This column’s record with Aim‑quoted smaller companies is patchy to say the least, with Strix and Franchise Brands notable successes, and Accrol, Hurricane Energy and Zytronic among a longer list of howlers (although we have not yet given up on the last-named stock).
A look at any firm quoted on London’s junior market must therefore come with a bit of a health warning, but Inspecs, a newcomer to Aim, does have an interesting look to it.
The company is a designer, manufacturer and distributor of eyewear frames. They are then sold by well-known chains, including opticians such as Vision Express and Specsavers, as well as retailers Next, Asos and Walmart.
The range covers optical, sunglasses and safety wear, and is sold either branded or on a private-label basis. Inspecs’ products are sold at more than 30,000 sites and the firm has four manufacturing facilities, in Britain, Italy, China and Vietnam.
The shares floated on Aim at 195p in February so investors have missed nothing so far, barring some price volatility. Although the company has hardly been helped by the pandemic, which forced most of its customers to close down and the company to focus on cash preservation so that it could come through the crisis and then emerge ready to benefit as stores reopened.
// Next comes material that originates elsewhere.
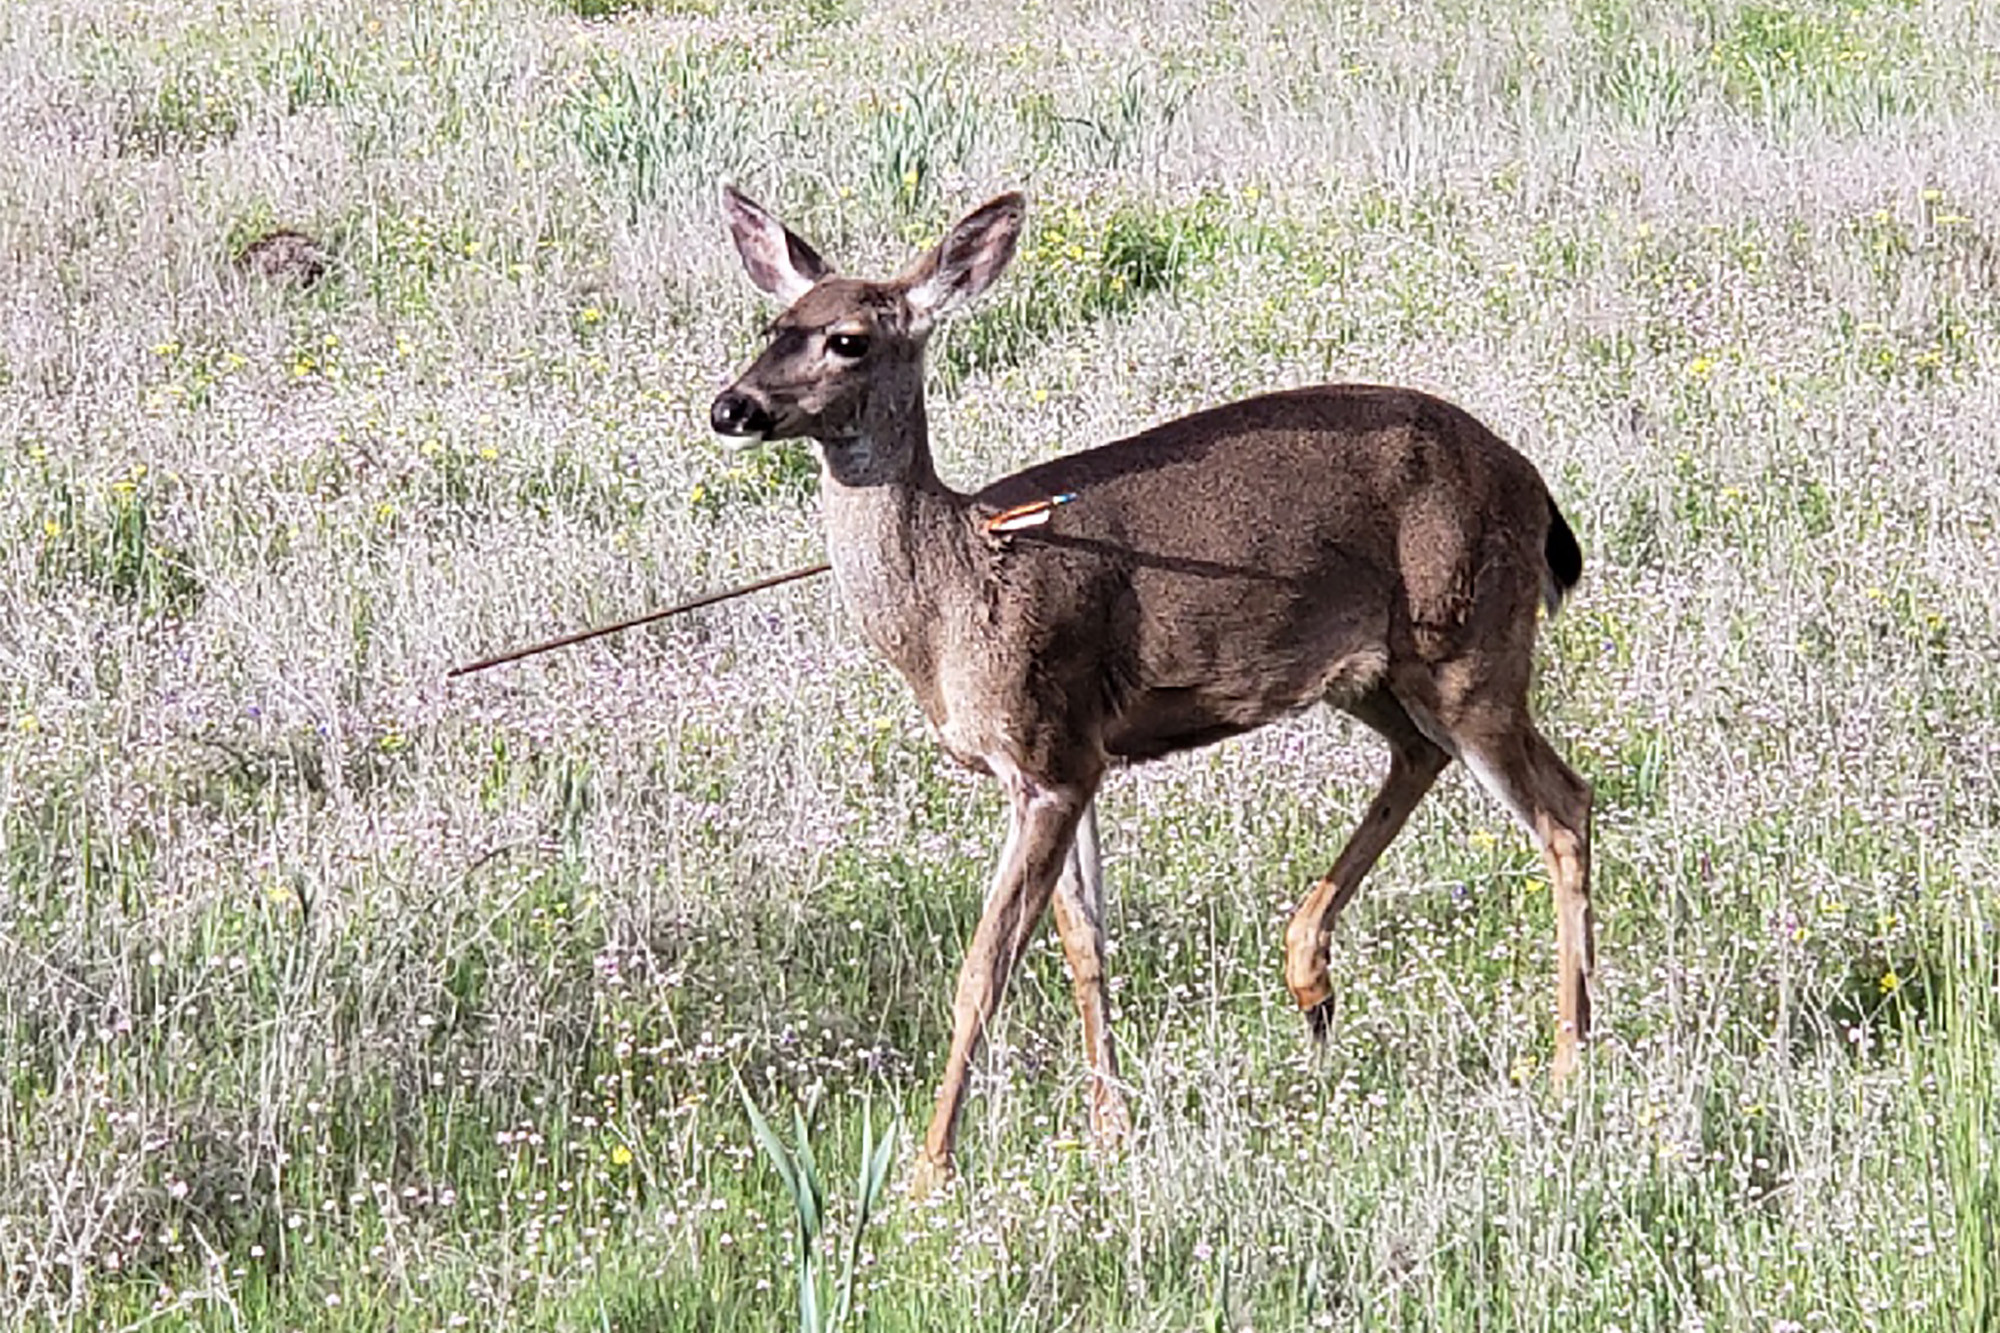 Deer survives arrow to the face

However, Covid-19 will not stop people needing to get their vision corrected, as Questor can attest after staring at a small laptop screen at home for the past four months.
Even allowing for the bad news from Boots, which is closing 48 of its opticians, shops across the sector are now opening again and it seems reasonable to assume that business could slowly start to improve, unless the virus returns with a significant second wave.
Last year gave some indication of Inspecs’ potential. Sales rose by 7pc and underlying profits climbed nicely as volumes increased by 20pc, helped by an expansion of the factory in Vietnam. Percentage returns on capital employed stood in the mid-teens, while cash conversion and cash generation were both strong.
There are dangers, over and above the near-term uncertainty created by the pandemic. By their very nature, smaller companies can be riskier than larger ones because their revenues are less well diversified and they can be more reliant on key individuals.
Inspecs is a case in point. Nearly half of its sales last year came from just five customers and the company needs to keep wooing clients, either to win them or to maintain existing licensing relationships with brands such as Superdry and Hype. Robin Totterman, the founder and chief, is clearly still a key influence and he also owns more than a quarter of the shares, so liquidity in the stock could be limited.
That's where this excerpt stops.